Karakterisasi Risiko

Hasil yang diharapkan dari karakterisasi risiko adalah perkiraan kemungkinan efek merugikan terhadap kesehatan dalam populasi termasuk ketidakpastian yang menyertainya.

  • Zat dengan nilai ambang dinilai berdasarkan ADI vs paparan, paparan yang kurang dari sama dengan TDI, maka dapat dinyatakan zero risk.

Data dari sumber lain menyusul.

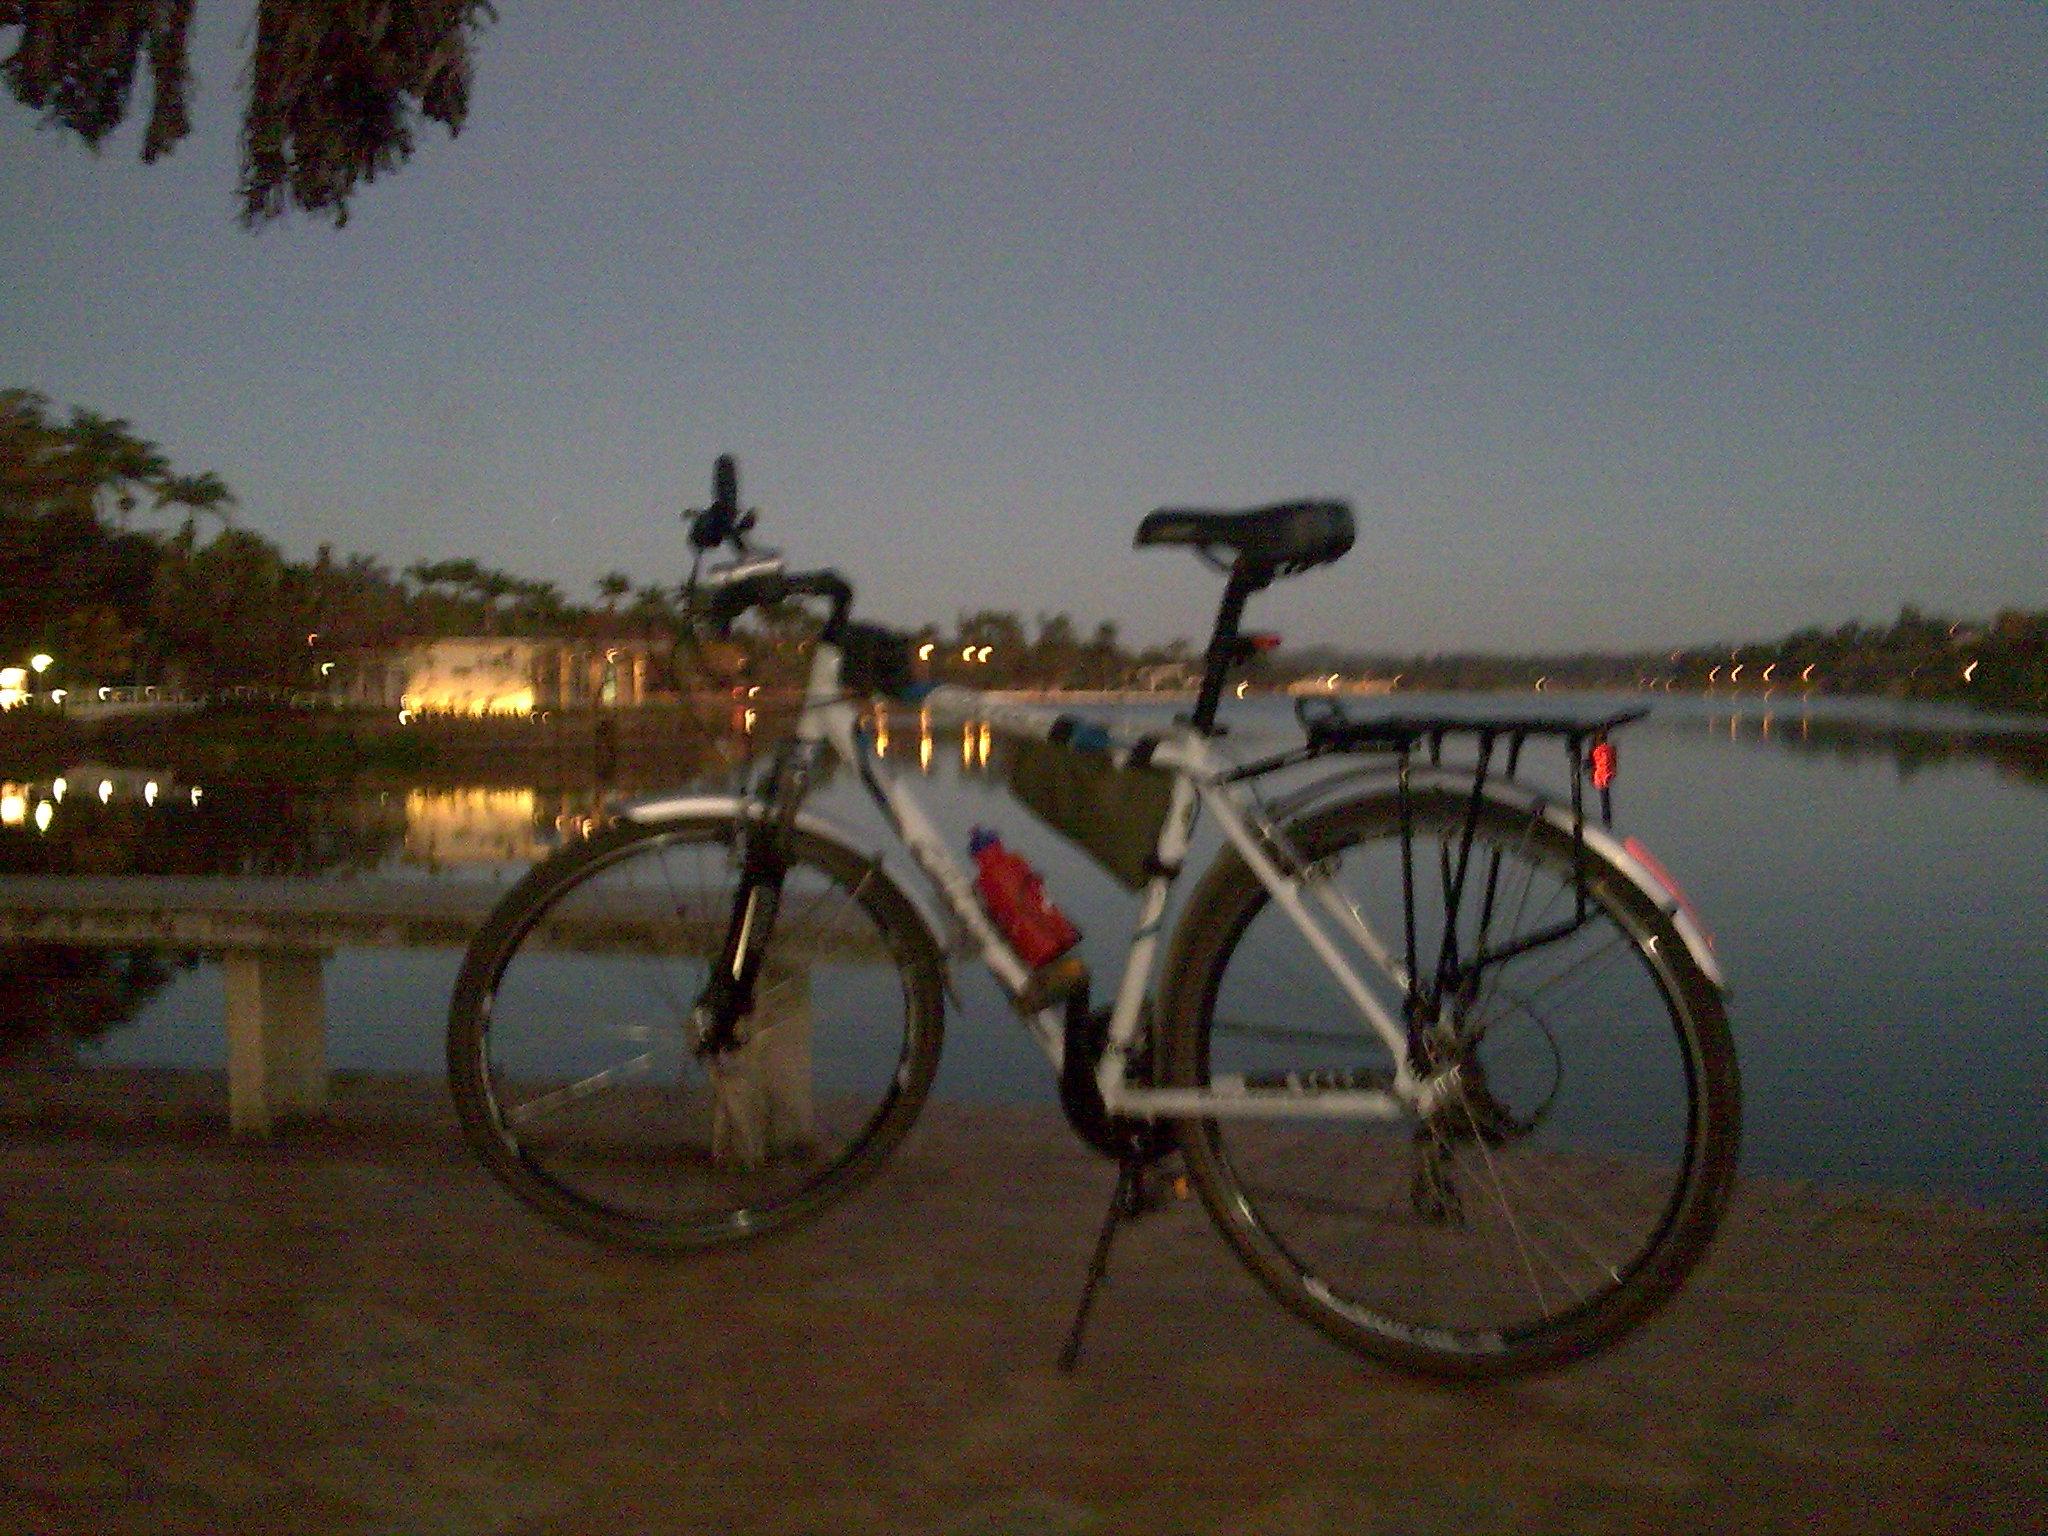 Lagoa da Pampulha hoje, 5:54 da manhã

  • Zat non nilai ambang, dinilai dengan data MOE, maka nilai MOE harus lebih dari sama dengan 10000 pada prosedur ED10/LED10, atau dosis setara T25 pada metode T25.
Manajemen risiko adalah proses dalam mempertimbangkan alternatif kebijakan untuk menerima, meminimalkan atau mengurangi risiko yang telah dinilai dan untuk memilih dan melaksanakan opsi yang sesuai. Manajemen risiko meliputi:
  1. Evaluasi risiko; identifikasi bahaya, pmbentukan komisi penilaian risiko, dan pertimbangan hasil penilaian risiko.
  2. Penilaian opsi manajemen risiko
  3. Implementasi keputusan manajemen
  4. Monitoring dan review
Komunikasi risiko adalah proses interaktif pertukaran informasi dan pendapat mengenai risiko diantara penilai risiko, menejer risiko, dan berbagai pihak terkait.